La legge impugnata, peraltro, secondo l'espresso dettato del suo
art. 1, regola la materia, solo in via provvisoria, sino
all'approvazione di una legge organica sulla tutela delle acque
dall'inquinamento. La ricorrente chiede alla Corte in via principale di
dichiarare che la legge impugnata non si applichi nel territorio della
Regione sarda (ostando a tale risultato le asserite competenze della
Regione), e in via subordinata di pronunciarne l'illegittimità
costituzionale, per violazione delle sopraindicate previsioni
statutarie.
2. - Il Presidente del Consiglio, rappresentato e difeso
dall'Avvocatura dello Stato, si è costituito in giudizio per sentir
dichiarare l'infondatezza della questione. L'Avvocatura deduce che la
disciplina delle immissioni dei rifiuti nelle acque del mare tocca la
materia dell'industria più che quella della pesca, ed esorbita, in
conseguenza, dalla sfera di attribuzioni fatte valere in giudizio dalla
Regione. La pretesa della ricorrente andrebbe disattesa anche per quel
che concerne lo specifico settore dei rifiuti, in quanto trarrebbe
fondamento non da disposizioni statutarie, o comunque di rango
costituzionale, ma da una legge ordinaria, anteriore a quella
impugnata: la quale ultima, si asserisce, ha dunque legittimamente
rimosso la previgente disciplina, con la conseguenza di riattribuire
allo Stato le competenze prima demandate alla Regione.

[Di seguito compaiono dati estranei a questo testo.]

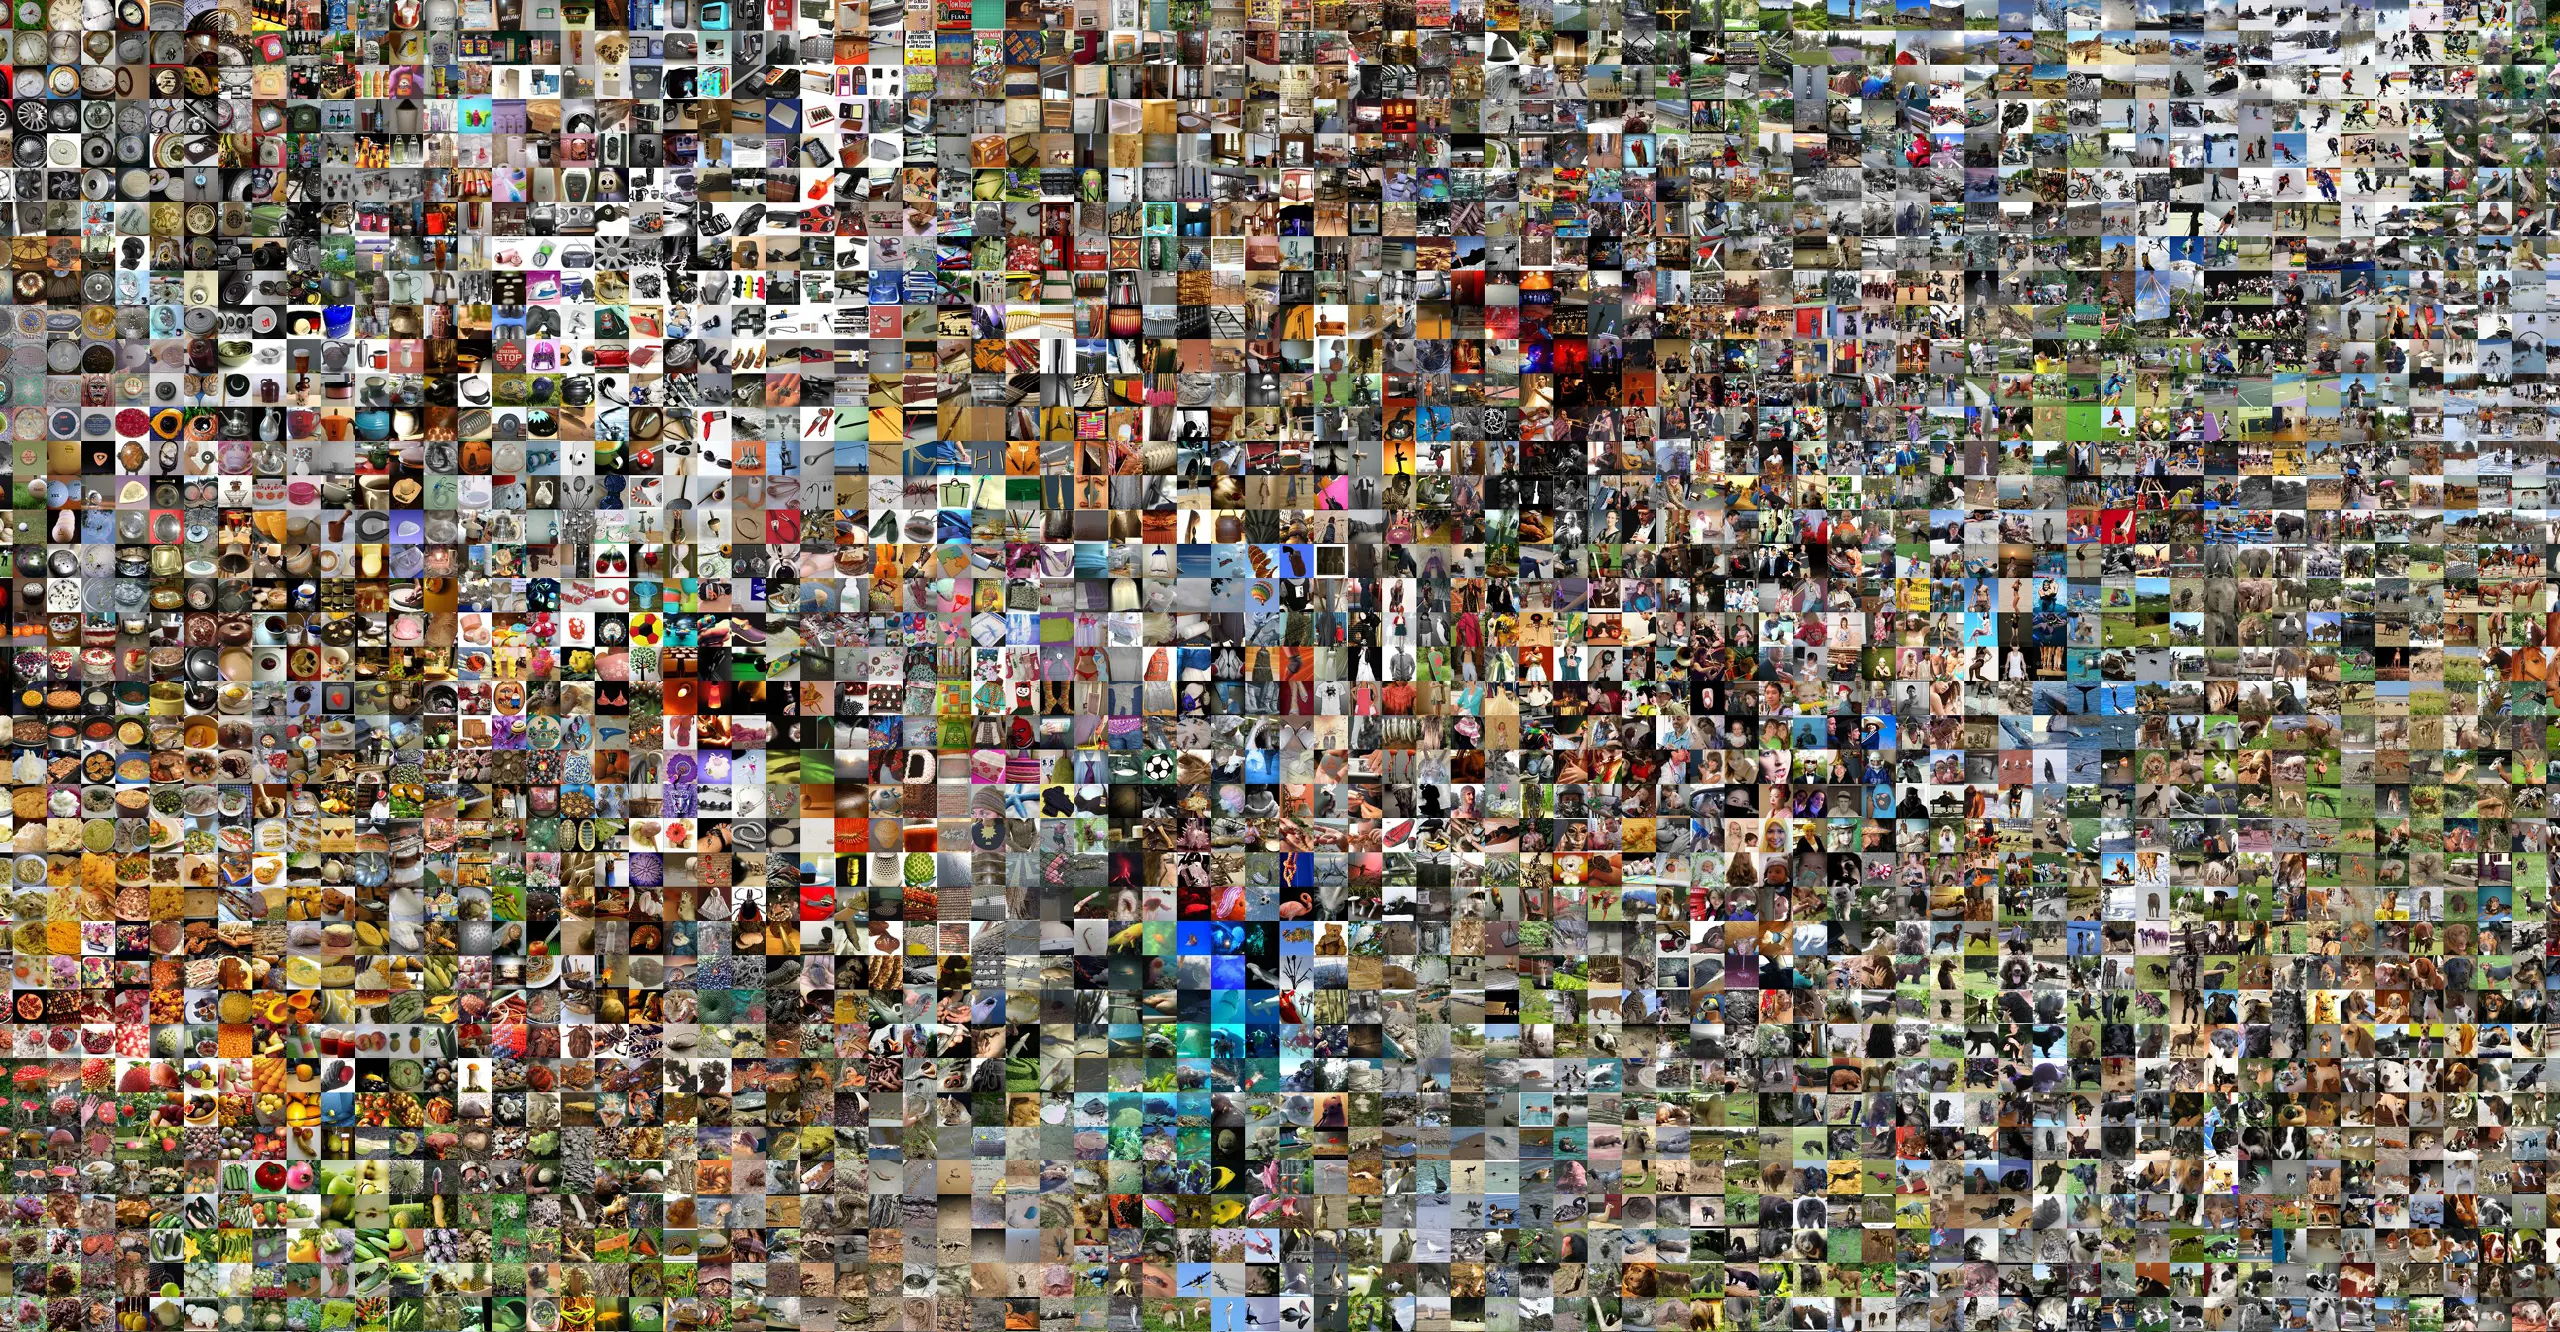 Grid of images

La difesa dello Stato rileva inoltre il carattere temporaneo della
normativa dedotta in controversia. Infatti, essa soggiunge, la nuova e
compiuta disciplina della materia è dettata dalla legge 10 maggio
1976, n. 319: per modo che con l'entrata in vigore di questo più
recente ed organico corpo normativo sarebbe venuto meno l'interesse
della Regione alla proposta impugnazione.

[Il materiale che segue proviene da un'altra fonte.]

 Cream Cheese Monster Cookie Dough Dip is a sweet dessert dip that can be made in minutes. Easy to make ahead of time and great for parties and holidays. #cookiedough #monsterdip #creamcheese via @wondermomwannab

3. - Nell'udienza pubblica del 10 maggio 1983 la difesa della
Regione ha chiesto alla Corte di pronunziare la cessazione della
materia del contendere, essendo, a poca distanza dall'entrata in vigore
della legge impugnata, intervenuto un nuovo ed organico assetto della
materia in questione. L'Avvocatura dello Stato ha dal canto suo aderito
a tale richiesta. Considerato in diritto :
Com'è spiegato in narrativa, la difesa della Regione sarda ha
chiesto alla Corte di dichiarare cessata la materia del contendere, in
considerazione del nuovo ed organico assetto che la tutela delle acque
dall'inquinamento ha ricevuto con l'approvazione e l'entrata in vigore
della legge 10 maggio 1976, n. 319, sopravvenuta, poco tempo dopo, alla
normativa statale oggetto della presente impugnativa. L'Avvocatura
dello Stato si è associata all'istanza. Ricorrendo gli estremi sopra
descritti, la Corte ritiene di dover adottare la soluzione
concordemente prospettata dalla Regione e dallo Stato.
Dispositivo
per questi motivi
LA CORTE COSTITUZIONALE
dichiara cessata la materia del contendere in ordine al ricorso
indicato in epigrafe.
Così deciso in Roma, nella sede della Corte costituzionale,
Palazzo della Consulta, il 15 luglio 1983.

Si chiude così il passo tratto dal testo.